/grobid-istex

Bibliographical annotations for ISTEX PDF resources based on GROBID

Primary LanguageJavaScript

grobid-istex

Work in progress.

This GROBID module enriches PDF with clickable areas corresponding to the bibliographical references also present in ISTEX. ISTEX permits the access to more than 17 million scientific documents from the major publishers to all French Research and Teaching organisations.

The overall process is the following one:

  1. grobid-core analyses the source PDF and extracts the structured bibliographical references together with the corresponding PDF areas.

  2. for each extracted bibliographical reference, the ISTEX OpenURL service is used to check if the corresponding full text is present or not in the ISTEX resources and retrieves the identifier of the full text PDF.

Optionally, before the call to the ISTEX OpenURL service, a call to CrossRef is done to retrieve a DOI and richer metadata for the recognized bibliographical reference.These additional information will improve the resolution rate of the OpenURL service.

  1. for the bibliographical references present in ISTEX, we can produce:

(i) a PDF enriched with a clickable areas added to the source PDF covering the text of the bibliographical reference. Clicking on this area will call the browser and leads directly to the cited PDF in the ISTEX holding (external URI PDF link action, access to the ISTEX PDF must be authorized for the user).

(ii) a set of annotations in JSON format including coordinates in the source PDF in order to create an interactive additional layer on top of the PDF rendered in the browser,

  1. the reference markers present in the document body are also made clickable and are linked to the text of the corresponding bibliographical reference ("GoTo" PDF action).

Install, build, run

First install the latest development version of GROBID as explained by the documentation.

Clone the Grobid-Istex

git clone https://github.com/istex/grobid-istex.git

Copy the present module grobid-istex as sibling sub-project to grobid-core, grobid-trainer, etc.:

cp -r grobid-istex grobid/

Build GROBID with:

cd PATH-TO-GROBID/grobid/

Build the Grobid with gradle:

./gradlew -Dmaven.test.skip=true clean install

Build grobid-istex module:

cd PATH-TO-GROBID/grobid/grobid-istex

Fix some configuration in the pom file regarding some updates for Grobid :

  • Since the grobid-parent is not used anymore, the snippet regarding to it can be ignored or deleted

  • Before building Grobid-Istex, it's recommended to update some information regarding to Grobid which can be found here documentation

  • If some changes with Grobid exist, Maven needs to be told that are some changes in grobid bintray repository (https://bintray.com/rookies/maven/grobid)
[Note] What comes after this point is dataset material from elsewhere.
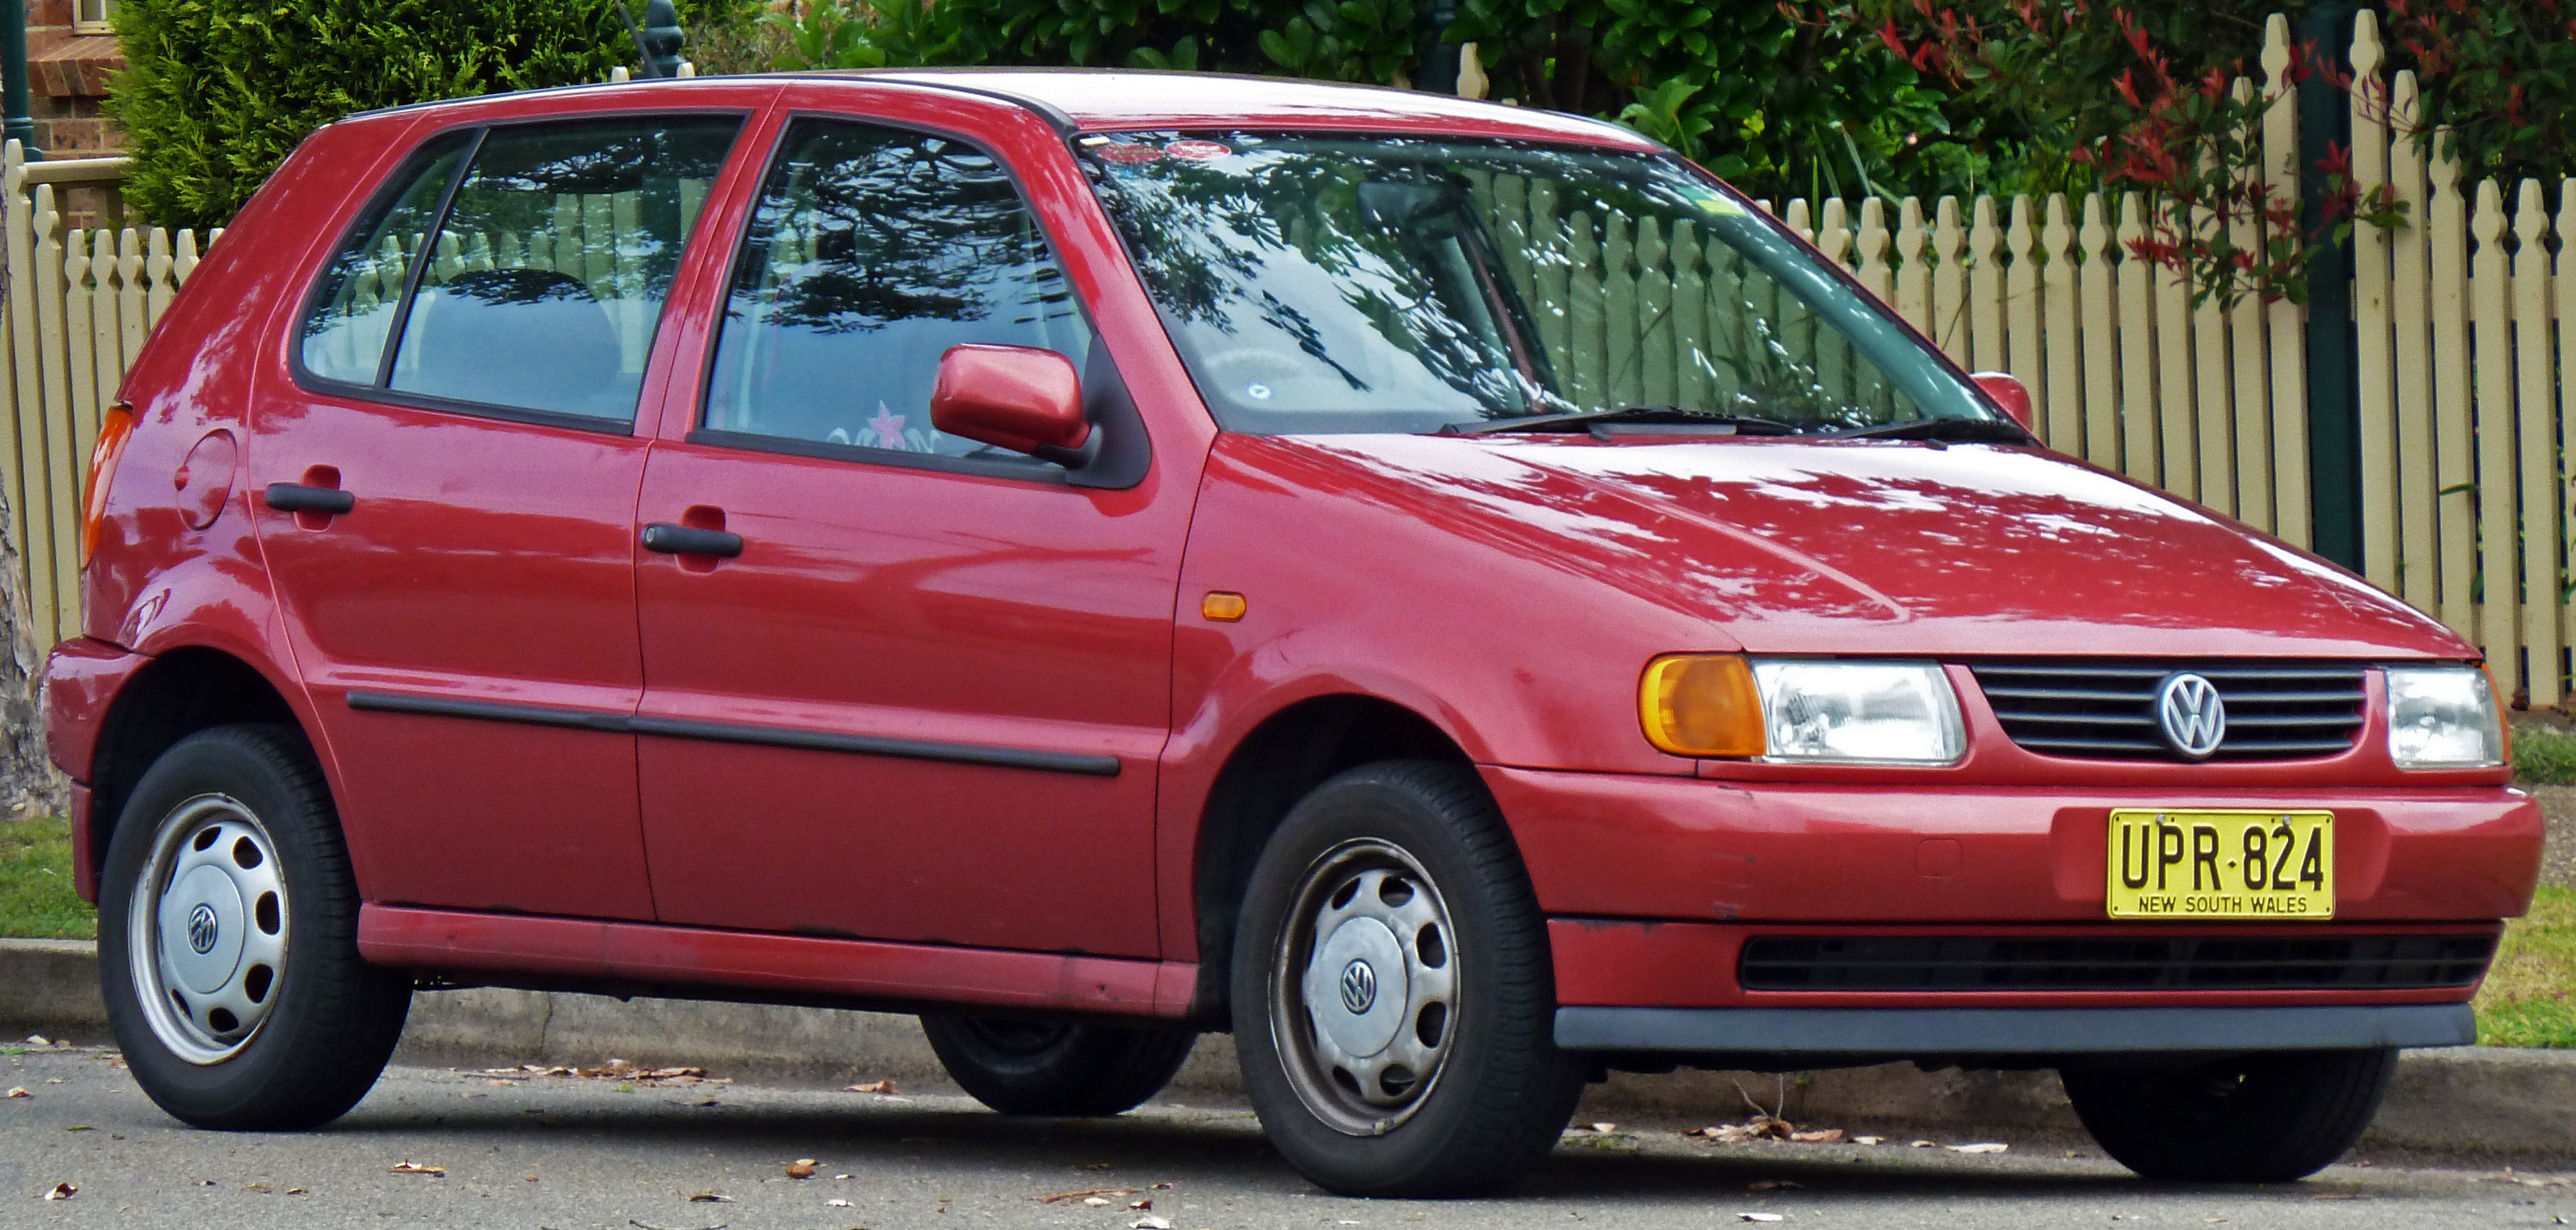 File:1997 Volkswagen Polo (6N) 5-door hatchback (2010-09-23).jpg -  Wikimedia Commons

  • Build the grobid-istex

mvn clean install

For using CrossRef look-up based on the extracted bibliographical data, a library account at CrossRef is necessary. The login/password of the account has to be indicated in the grobid property file (grobid/grobid-home/config/grobid.properties).

Start the service

The service consumes a PDF and enriches it with clickable bibliographical references corresponding to the available ISTEX resources (service /annotatePDFDocument) or return a set of JSON annotations related to the bibliographical information (service /annotateJsonDocument). The service exploits multithreading.

To start the service:

mvn jetty:run-war

Demo/console web app is then accessible by default at http://localhost:8080.

Batch process PDF files

Apply the PDF enrichment to all the PDF files in a repository (the production of JSON annotations is only available via the service).

java -jar target/grobid-istex-0.5.0-SNAPSHOT.one-jar.jar -gH ../grobid-home/ -dIn ~/test/ -dOut ~/test/ -exe annotateCitations

For better performance and production, it is advised to use the above service which is using multithreading, and not the batch mode.

Example

Given an orignal PDF such as this one, the grobid-istex module can produced the following enriched version, with clickable links to the available cited ISTEX resources. Note that this PDF is an Open Access article available on PubMed Central allowing reuse.

Licence

Similarly as GROBID, distributed under Apache 2.0 license.